Officer Withdrawing From the Company
If an officer wishes to withdraw from the company then his/her shares may be purchased by the remaining founders for a negotiable amount. If the remaining founders do not wish to purchase these shares then they will be purchased by the company for the current market value of the shares. In the event the officer holds a joint position with another officer (Chief Executive Officer, Chief Technology Officer), the other officer will take full responsibility for this role. In the event that the officer has a unique position, a replacement will be brought in, with unanimous agreement from all remaining officers. This position would be compensated with shares in the company.
Advisor Withdrawing From the Company
If an advisor wishes to withdraw from the company then his/her shares, if applicable, may be purchased by the founders for a negotiable amount. If the remaining founders do not wish to purchase these shares then they will be purchased by the company for the current market value of the shares. If the skillset of the departing advisor is deemed valuable to the company by the board of directors, a replacement advisor will be sought by the company upon unanimous decision by the founders.

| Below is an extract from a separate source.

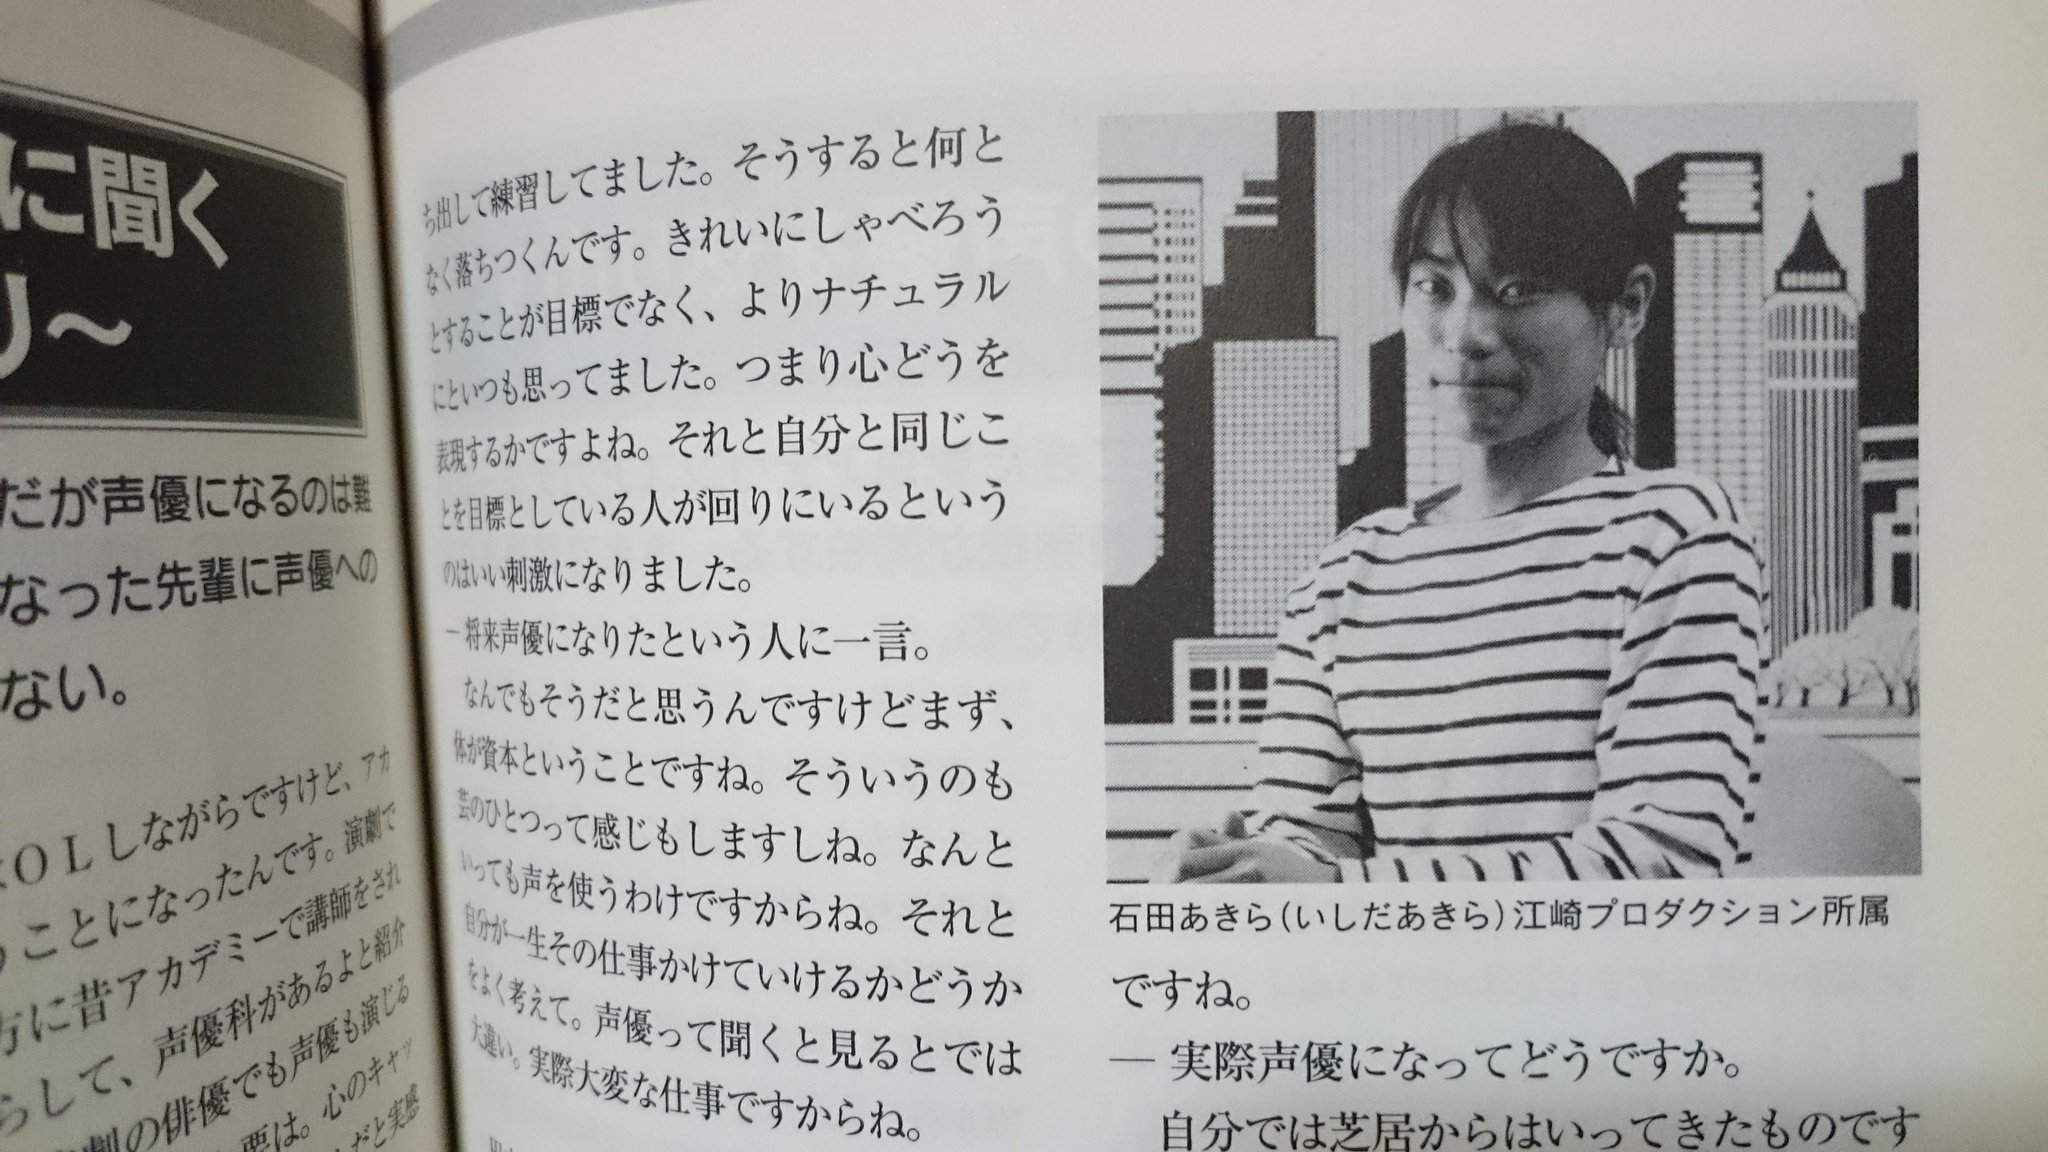 Ichi インタビューも載ってるロン毛時代の石田彰さん てか 石田さんの宣材写真可愛いな こんな笑顔の石田さん見たことないぞ

Inability to Obtain Required Skill sets
If FREDsense is unable to attract the required skillsets when needed there are two contingencies that will be attempted in order. The first contingency will be to approach internship programs at local universities to attempt to obtain the necessary personnel before their training is entirely complete, provided they have adequate mentorship from within their university. Failing this, FREDsense will reallocate money in the budget to attempt to attract qualified personnel with a more competitive salary or compensation package, potentially through the issue of shares to the individual(s).
Inadequate Performance by an Officer
If an officer does not commit to the time commitment required by their position within the company, such as part- or full-time employment, then that shareholder will be deemed to be performing inadequately. In the case of inadequate performance the shareholder will be given one full year (365 days) during which they are to meet all required performance goals as outlined by their employment position. If the shareholder does not meet the required performance goals with one year their shares will be purchased by the company for their current market value and the employment of the individual will be terminated.
Incorporation
As a next step for our group, our six members have begun the process of incorporating our business. This has involved engaging legal professionals to maintain the rights of our company FREDsense Technologies. We have established a share structure, secured the name FREDsense Technologies, and begun to protect our identity as a corporation. We have also created an unanimous shareholders agreement (USA) to ensure that our team is working together strongly to build this company up in the future.